The event brought together Charlotte Kates of Samidoun, Hezbollah’s head of Arab and International Relations Sayyed Ammar Moussawi, and Mohammed Khatib, the Belgium-based Europe coordinator of Samidoun—whose refugee status was revoked by Belgian authorities just months earlier over his documented support for designated terrorist organizations.
The seminar centered on discussions portraying what speakers characterized as “the resistance and Iran” as “the vanguard of forces defending the causes of liberation and independence throughout the region.”
The Featured Speakers and Their Records
Khatib is formally registered as a “hate preacher” with Belgium’s Coordination Unit for Threat Analysis (CUTA) due to his overt support for Hamas and the Popular Front for the Liberation of Palestine (PFLP), both EU-designated terrorist organizations.
Charlotte Kates, based in Canada, serves as Samidoun's international coordinator and is registered as the website owner and contact for Masar Badil.
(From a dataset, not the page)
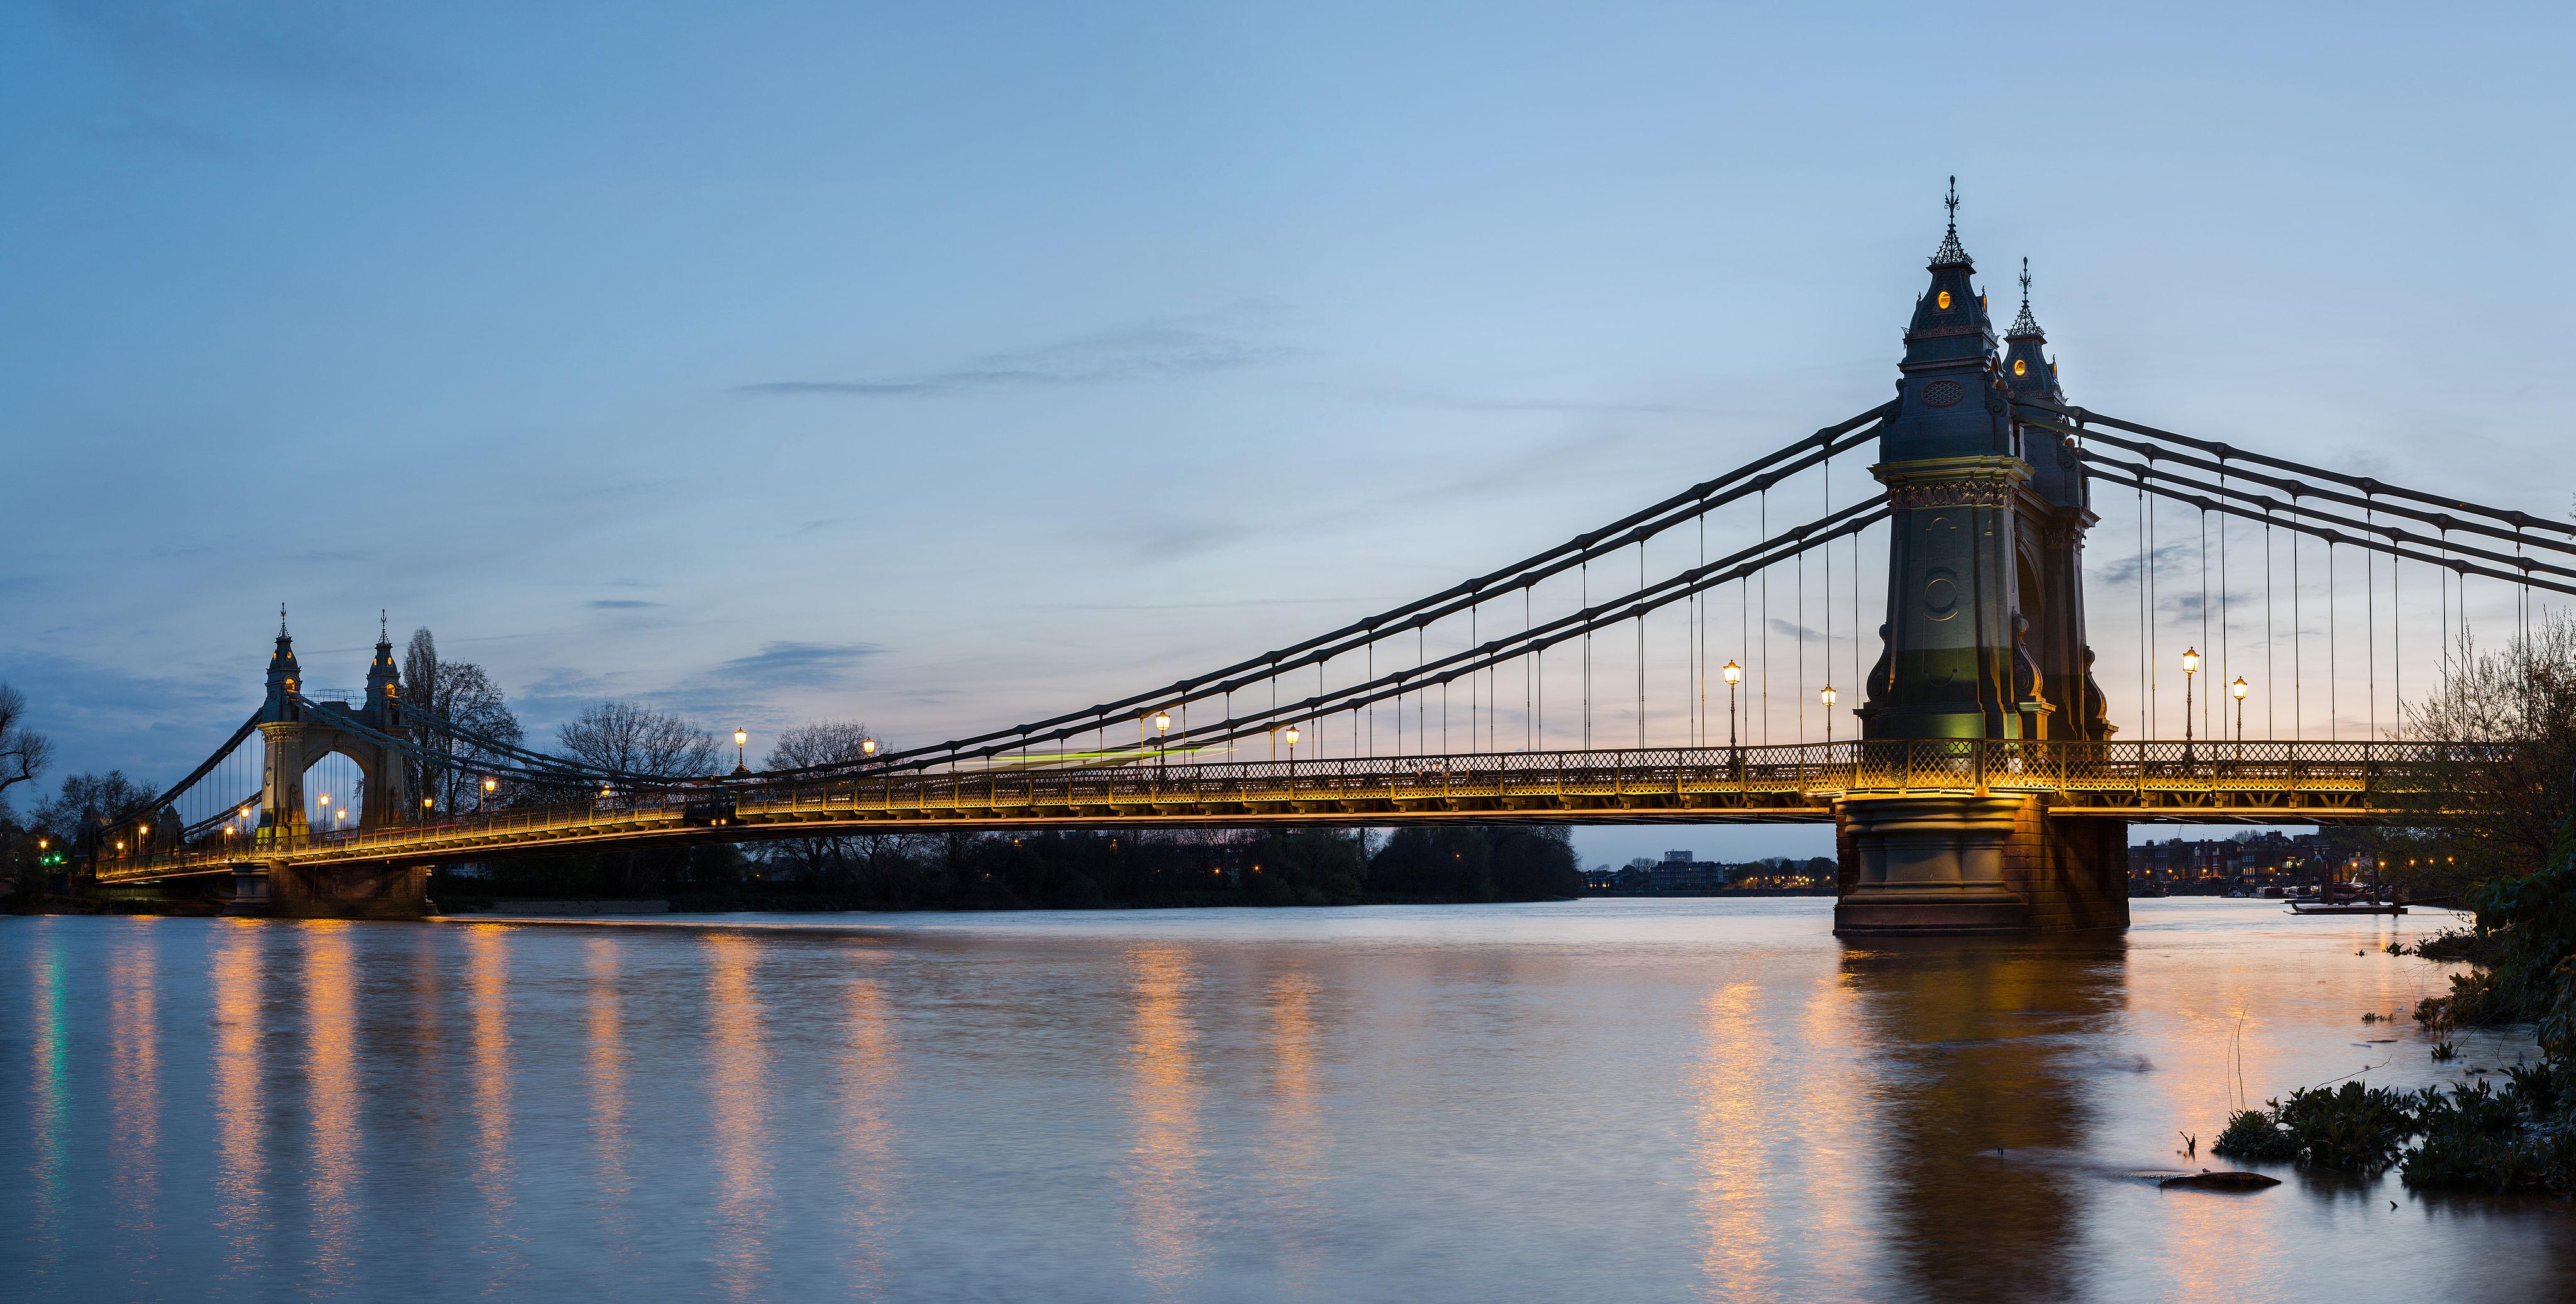 4096px-Hammersmith_Bridge_1,_London,_UK_-_April_2012.jpg

Kates has regularly co-hosted webinars where members of Hamas and other designated terrorist organizations have been interviewed and platformed.
Sayyed Ammar Moussawi represents Hezbollah's official diplomatic engagement efforts as the group's head of Arab and International Relations, positioning the seminar as a coordinated effort to present terrorist organizations as legitimate political actors on the world stage.
Growing Calls to Designate Masar Badil
Watchdog groups and European parliamentarians have long called for Masar Badil’s designation as a terror organization. The organization is closely associated with Samidoun and shares significant leadership overlap. Khaled Barakat, who leads both organizations, was personally sanctioned by the United States Office of Foreign Assets Control (OFAC) as a Specially Designated National in October 2024 for his role with the PFLP.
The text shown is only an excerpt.